==== Data

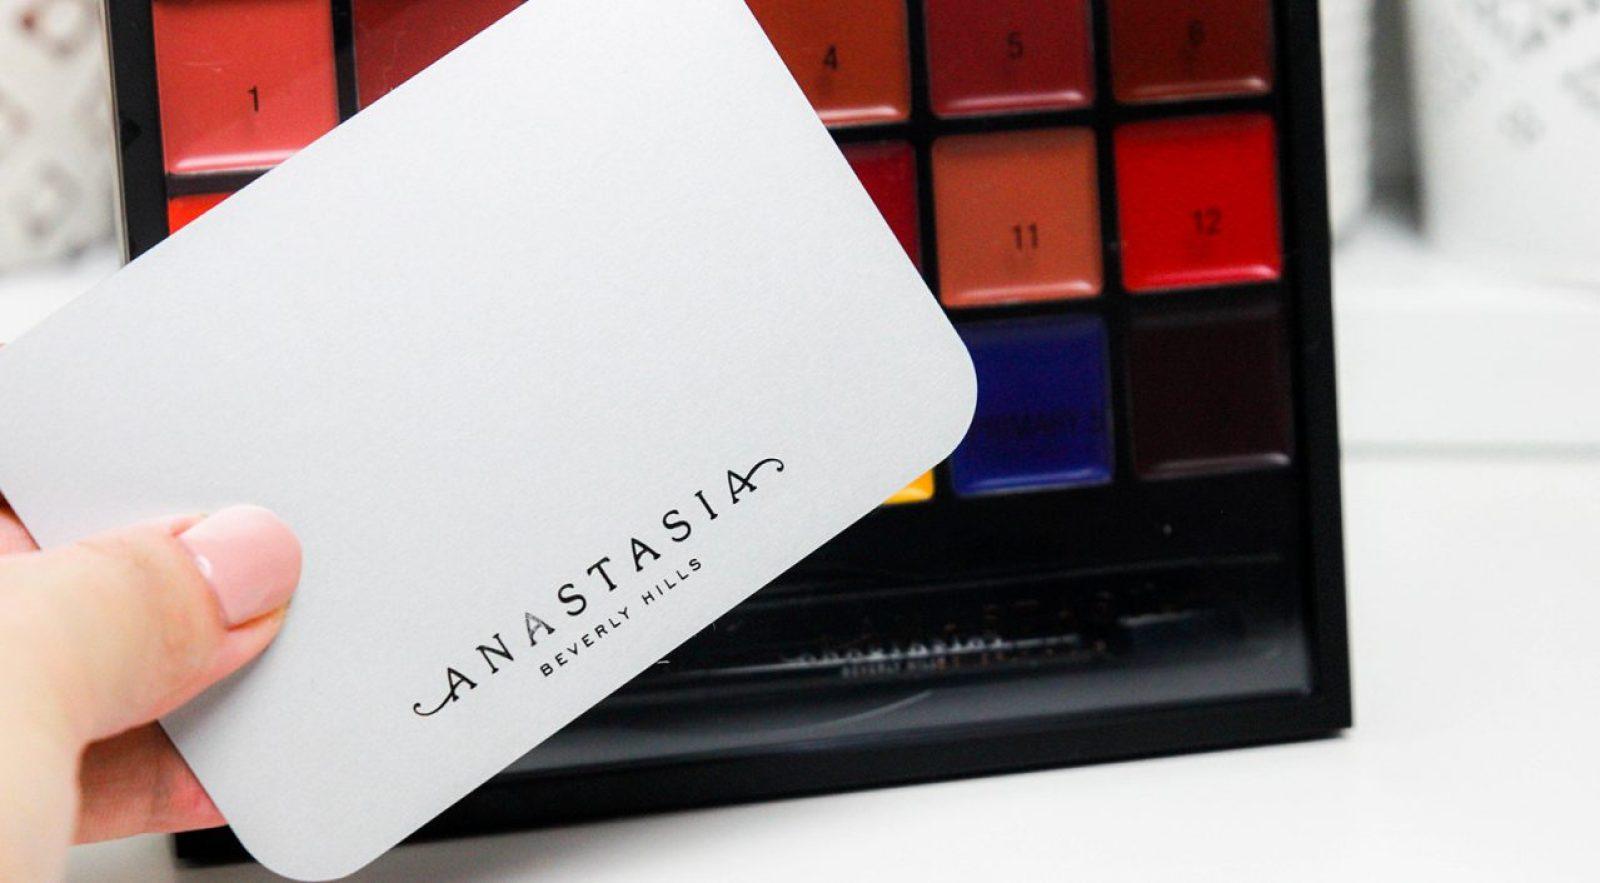 Anastasia-Beverly Hills-Lip-Palette-revue-4
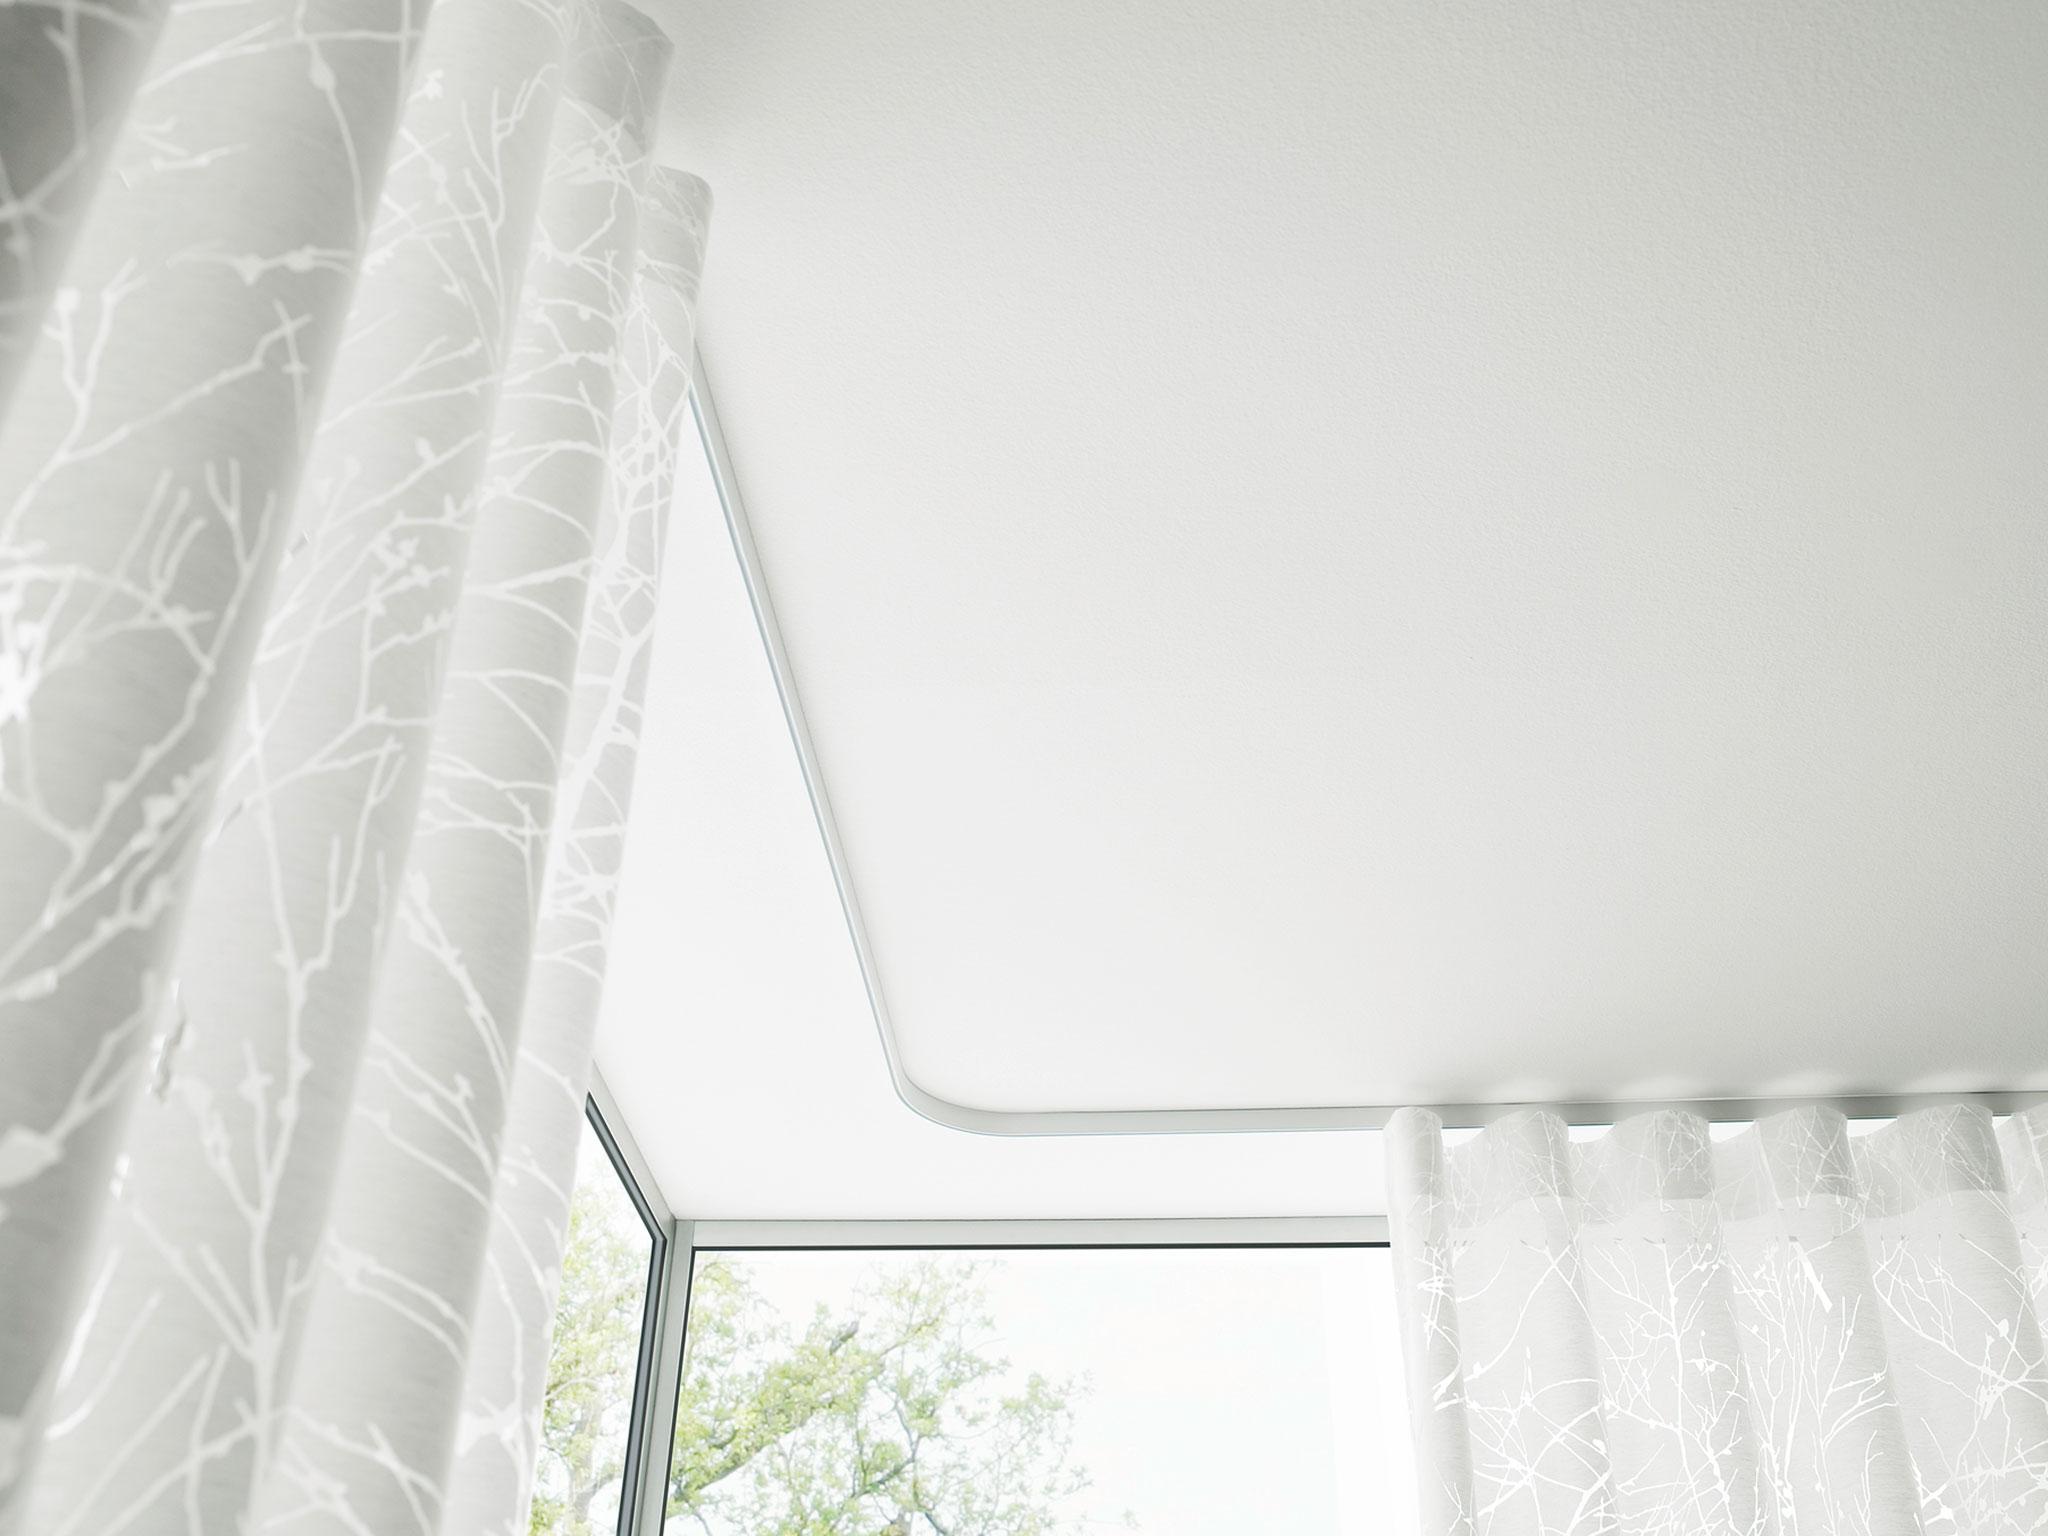 Tenda da sole scorrevole in tessuto con guide laterali tosca light. Binari Per Tende In Alluminio Leha
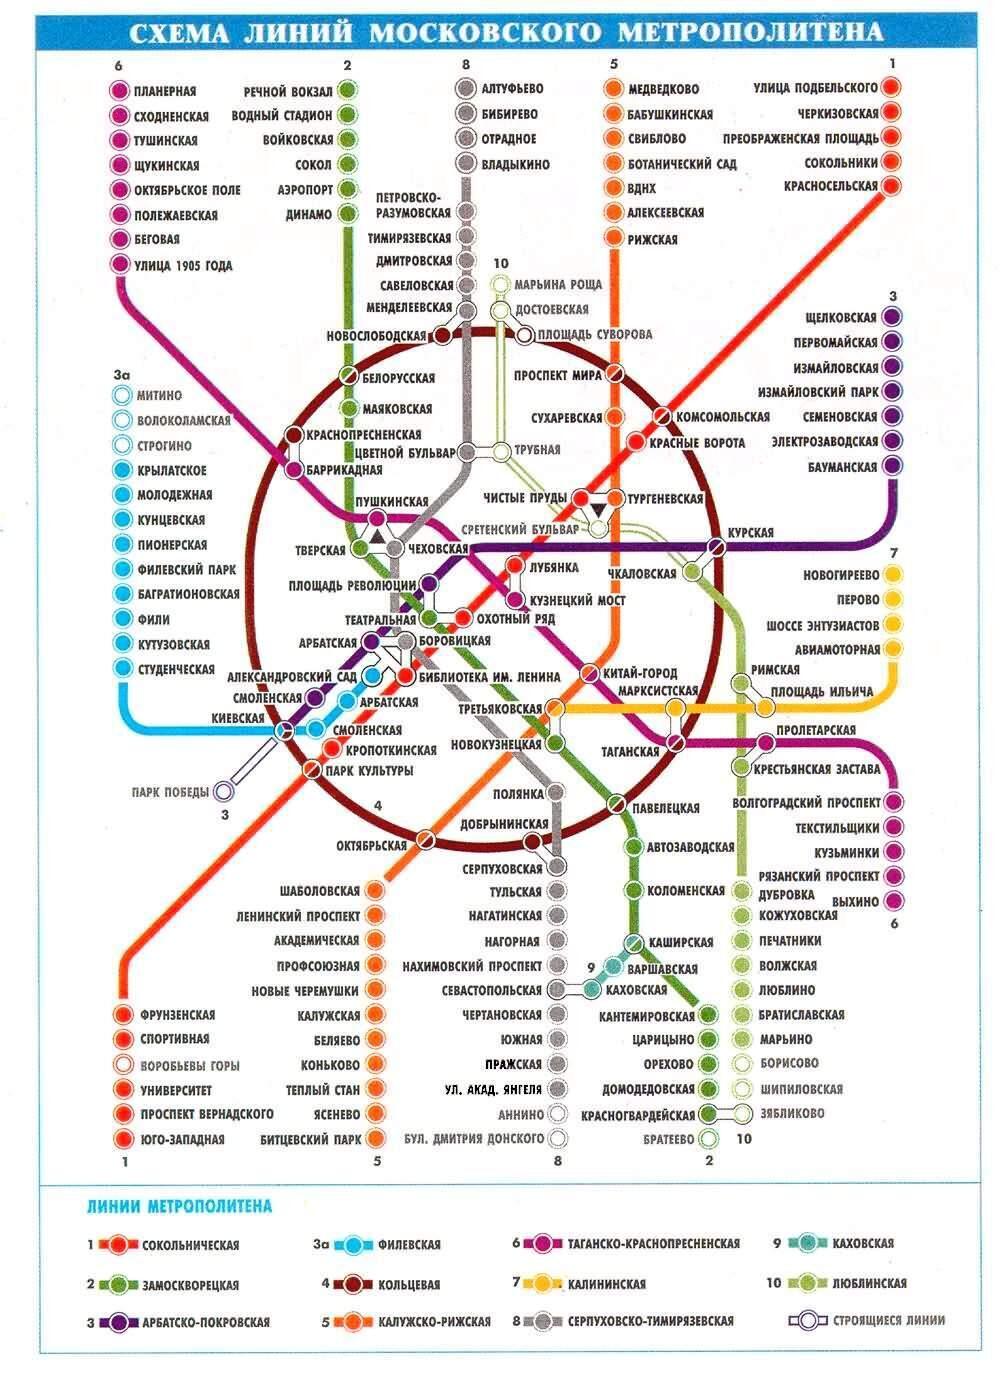 схема москве метрополитена

========

◆ Assignment ◆
When you reach a picture, pass over it; write out all other material exactly.

◆ Task answer ◆
 Anastasia-Beverly Hills-Lip-Palette-revue-4
 Tenda da sole scorrevole in tessuto con guide laterali tosca light. Binari Per Tende In Alluminio Leha
 схема москве метрополитена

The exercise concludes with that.